キッチンへ行って、冷蔵庫周りを見るといつの間にかルルクさん仕様になっていて、調味料が高い場所に置いてある‥。くそ!届かない!椅子を持ってきて、棚の上に置いてある塩の壺を取ろうとすると、コロッと魔物虫が落ちてきて思わず悲鳴を上げた。
「な、なんで家の中までいるの〜〜〜???」
と、まじまじと見ると固まって動いていない。
もしかして死んでる‥?
ツンツンと指で突いてみると、緑から真っ白な色になりかけている。魔物虫って死ぬと白くなるのか‥。そう思いつつキッチンに虫がいるのは大変心臓によろしくないので、窓を開けて外へぽいっと投げた。よし!これで心置きなく目玉焼きを焼ける!
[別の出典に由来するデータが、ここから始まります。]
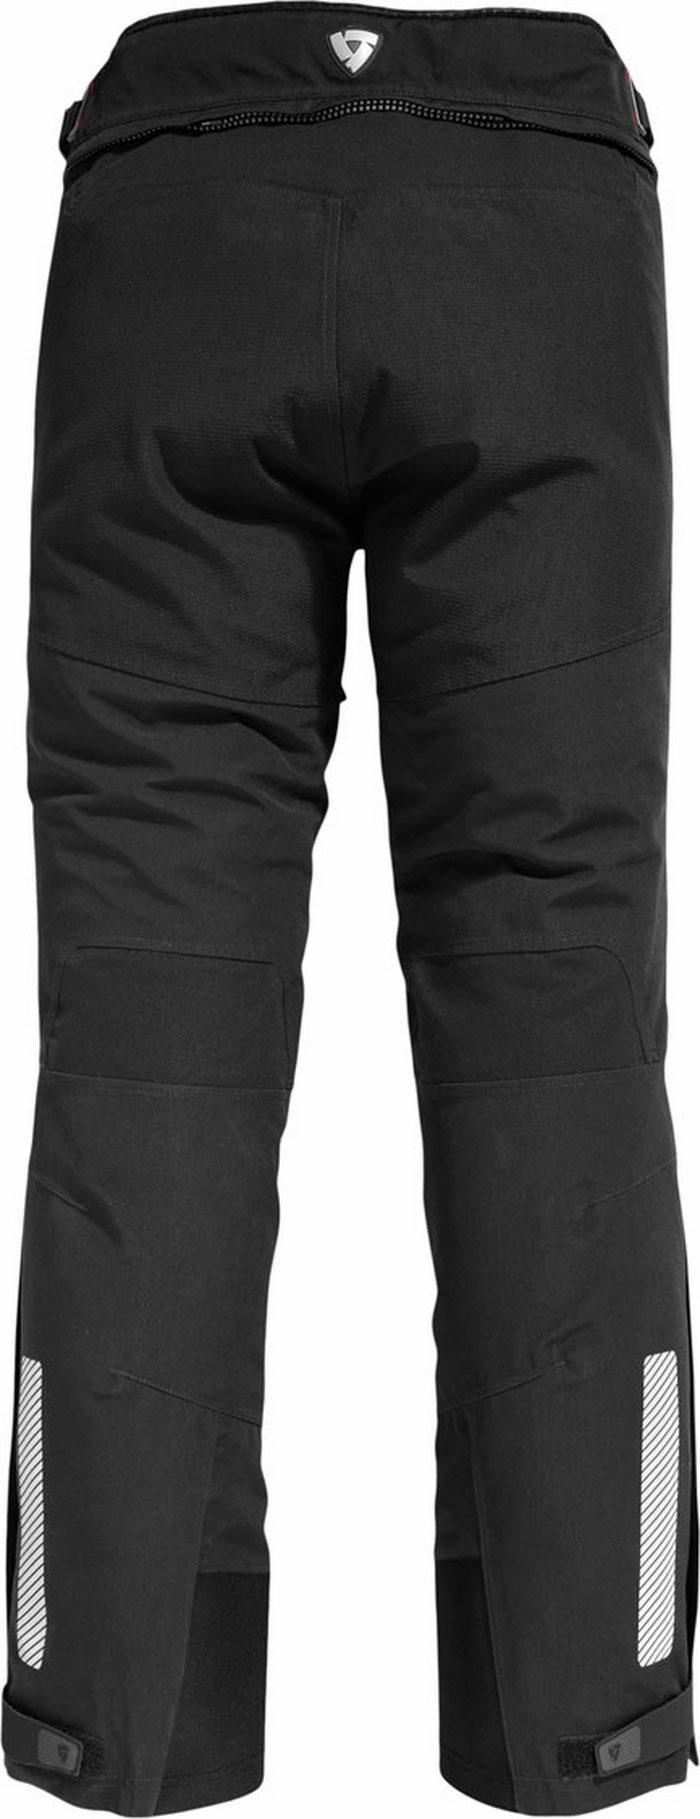 Pantaloni moto Rev'it Everest GTX - Accorciato

そう思って振り返ったら、ルルクさんが頭のない鳥を二羽手に持っていた。
叫んだよ朝イチで。
なんで!首が!ない状態で持って帰ってくるんだよぉおおおお!!!
「‥もう起きてたのか」
「いや、それ開口一番言う事ですか!??」
「実験も兼ねて狩りをしてきたんだ。動きはいつもよりやはり紋様を描いてあるといいな」
「あ、な、なるほど‥。他に何か効果はありました?」
「‥まだ、見つかってない」
「まぁそりゃそうですよね。徐々に見つけていきましょう。とりあえず私は料理の腕を向上って描いたんで、目玉焼きを焼いてみます!」
にこーっと笑ってルルクさんを見上げると、ルルクさんは真顔で「やめておけ」って言った。‥私、恋愛ゲームの主人公ぞ?紋様師ぞ?
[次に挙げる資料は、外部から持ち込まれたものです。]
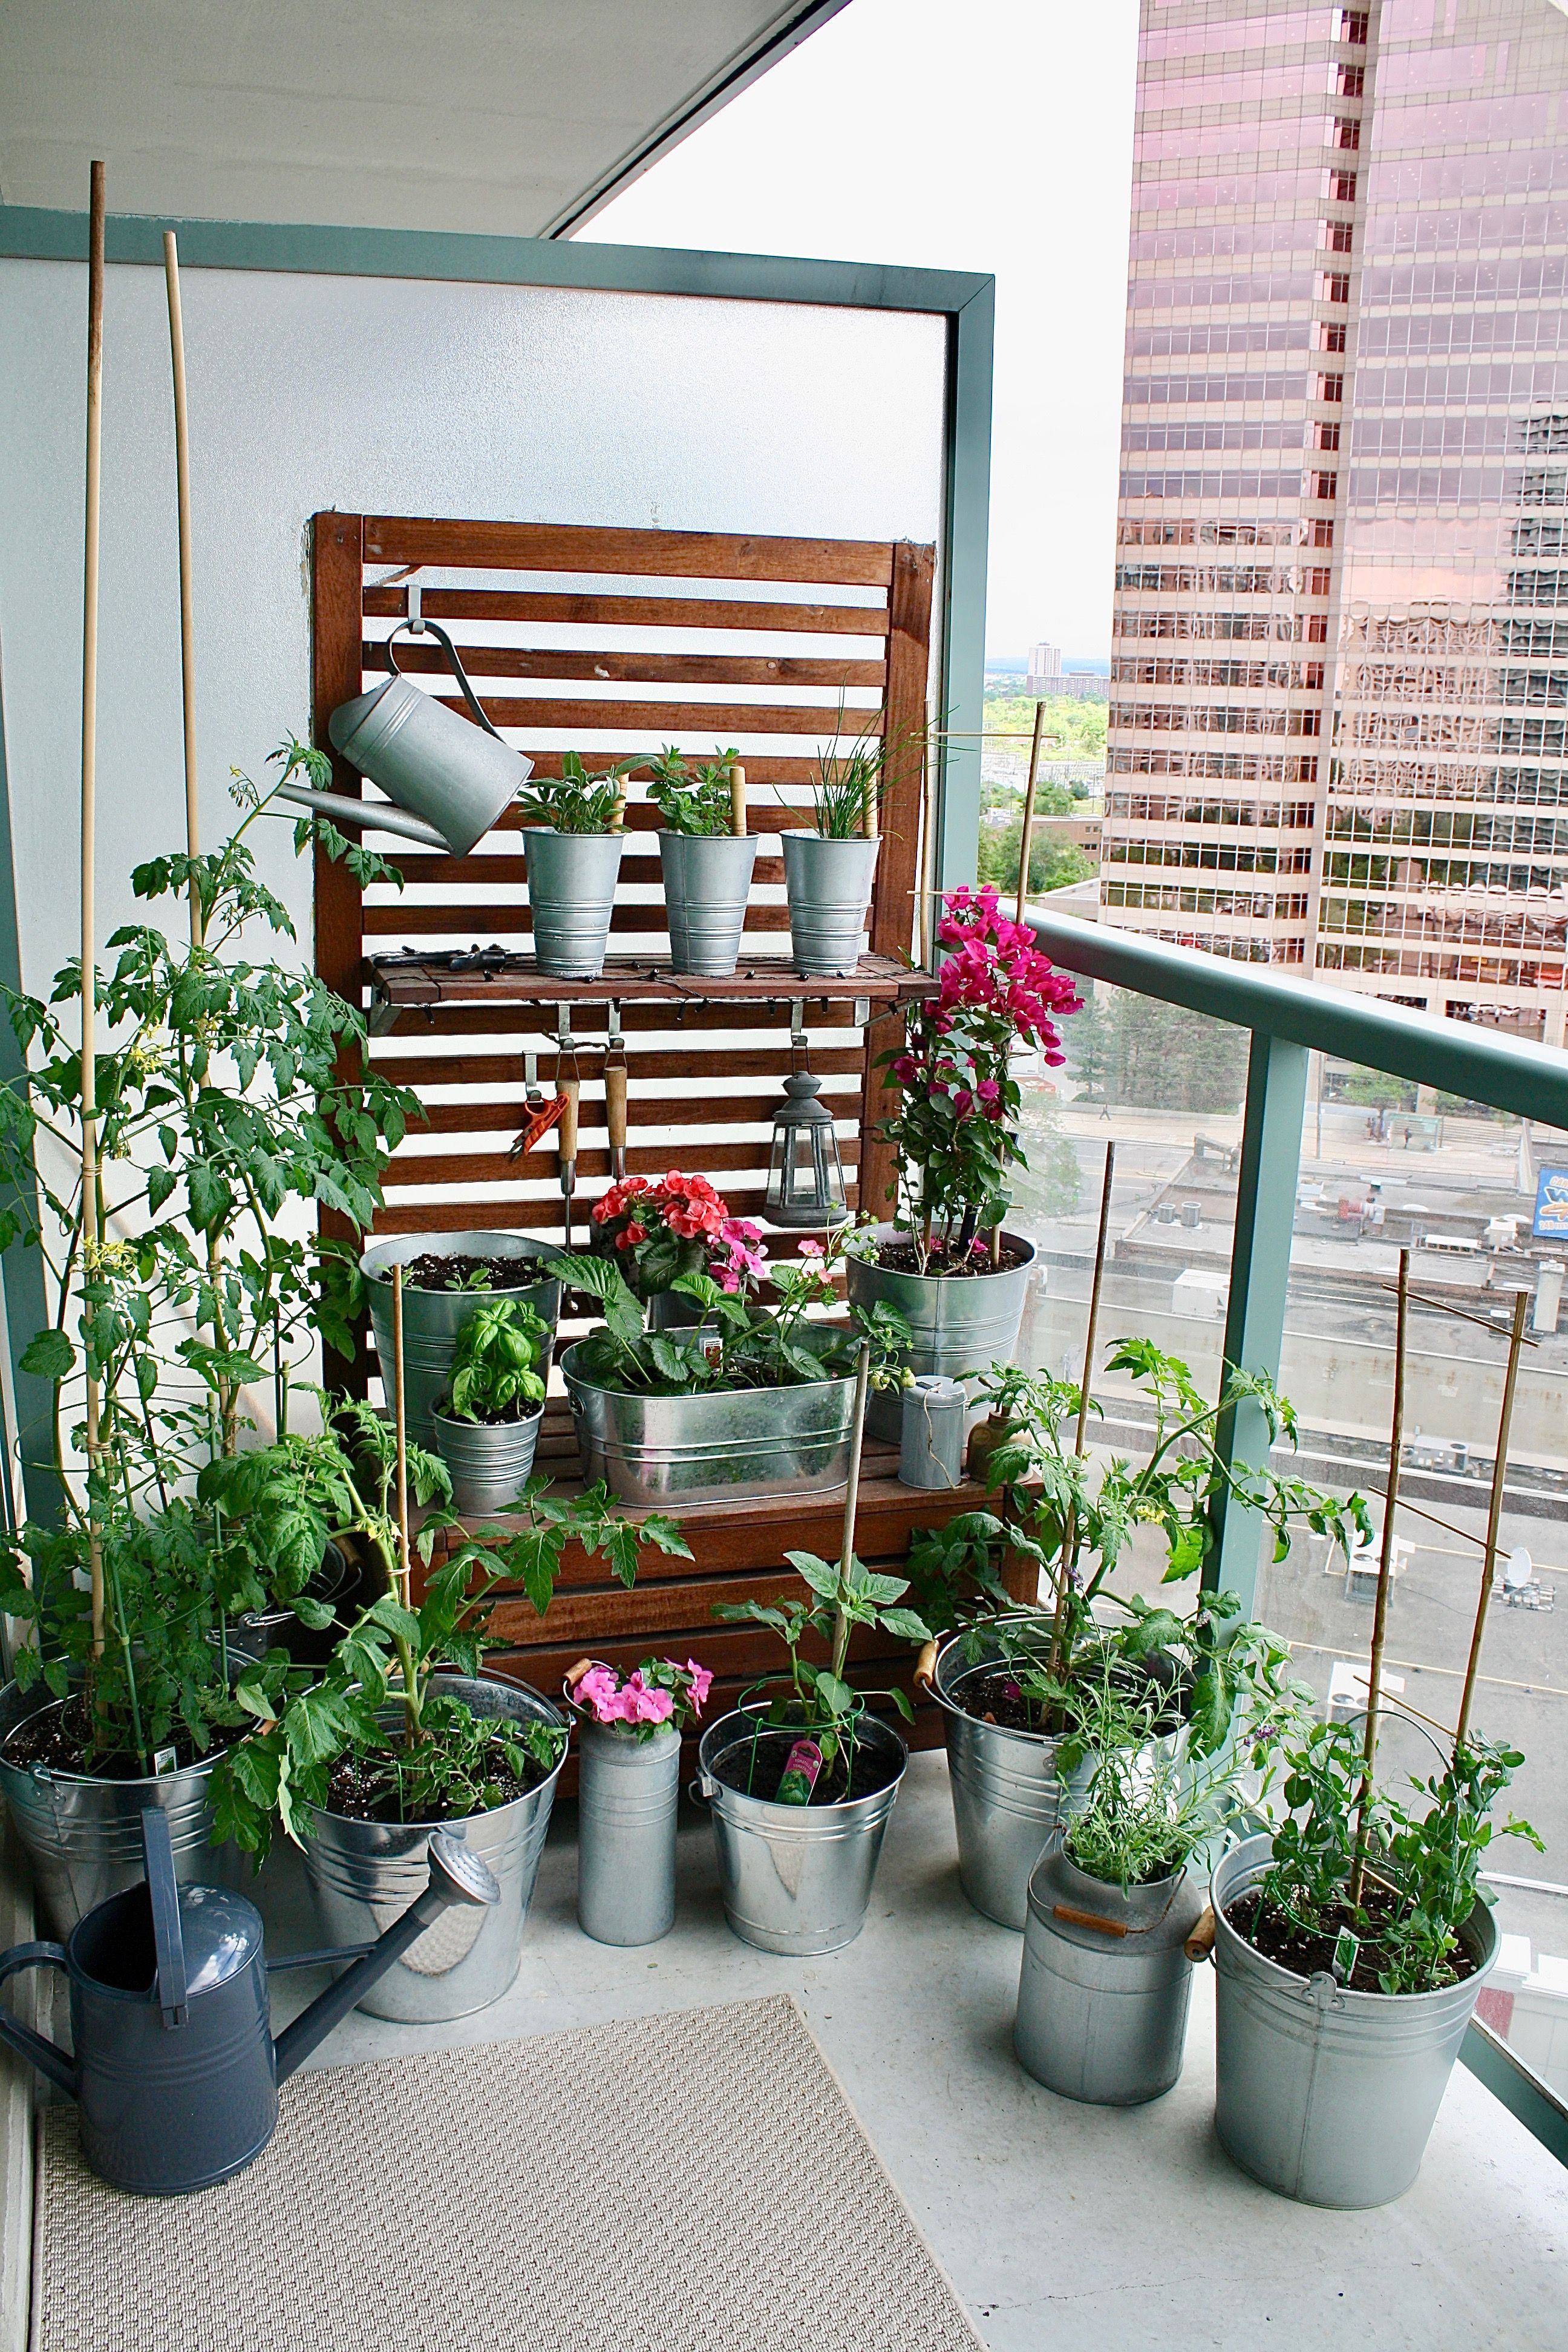 My Balcony Garden #gardening #garden #DIY #home #flowers #roses ...

しかし今やキッチンの主でもある暗殺者のルルクさんに可及的かつ速やかにキッチンから追い出され、静かに台拭きでテーブルを拭いた‥。おかしい、やっぱりこれ絶対恋愛ゲームじゃないと思う。遠くを見つめながら静かにテーブルに座っていると、美しい目玉焼きと美味しそうな厚切りハム、温野菜を添えたプレートが出てきて‥。
「どんどんルルクさんの腕が上がってきてる」
「そうか?」
「‥どうしよう、私はもう料理の仕方を思い出せるかな‥」
厚切りのハムを噛み締めながら呟くと、ルルクさんが小さく吹き出した。
いや、本当に笑ってる場合じゃないからね?
それでも美味しい朝食を食べると、私の機嫌はすぐに上向きになってしまうのだから、自分の事といえど本当にお気楽だと思ってしまう。
ルルクさんとギルドに行くと、今日はお客さんもそこそこ‥といった様子だ。
「そういえばタリクさんも帰ってきたかなぁ‥」
「あいつは帰ってきたら、一番にお前の所へ来るだろ」
「ええ〜〜?それはないでしょ。あ、でも紋様を描いて下さいとは言いそうですね」
「‥‥そうだな」
呆れたような顔で私をチラッと見て歩いていくルルクさん。
なんだ?何か言いたい事があるのか?
と、ザワザワと声がしたかと思うと、玄関からレトさん達が外へ行っていたのか何やら色々抱えて入ってきた。
「おう!二人とも今日もお疲れさん」
「おはようございます。何かあったんですか?」
「ああ、祭りが終わったらそろそろ湖だろ?」
「あ、そういえば‥「湖の夜明け」でしたね。」
私とレトさんの会話にルルクさんが首を傾げる。
あ、そうだよね。ルルクさんはまだ来たばっかりだから知らなかったんだっけ。
「あのですね、祭りを終えて少しすると湖の底の植物が一日中発光するんです」
「発光?」
「よくわかってないんですけど、大体一週間くらい発光して、夜でも全体的に淡く光るものだから、貴族達がそれを目当てに夜にボートに乗ってその光景を楽しむんです」
私の言葉にルルクさんが目を丸くすると、向かいでウンウンとレトさんが頷いた。
「でも、朝の見回りでルルクが魔物虫が多いって話してたからよ、ちょっとギルドの奴らと草刈りもあるし下見してきたんだ。ありゃー、ちょっと多いなぁ。集まると面倒だが、草刈りすれば多少は減るだろ」
「魔物虫‥」
朝、我が家のキッチンにいたあいつか。
前世にいた黒いやつに形状が似てなくて良かったけど、昨日に続き今日も出くわした私としては、大変複雑だ。思わず口をへの字にするとルルクさんが面白そうに笑った。